(Available data Opens)

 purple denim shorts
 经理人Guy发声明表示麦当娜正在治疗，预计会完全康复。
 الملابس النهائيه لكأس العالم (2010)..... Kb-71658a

(Available data Closes)

Assignment -
Once more and in full, please write out the listing above exactly.

Completed exercise -
 purple denim shorts
 经理人Guy发声明表示麦当娜正在治疗，预计会完全康复。
 الملابس النهائيه لكأس العالم (2010)..... Kb-71658a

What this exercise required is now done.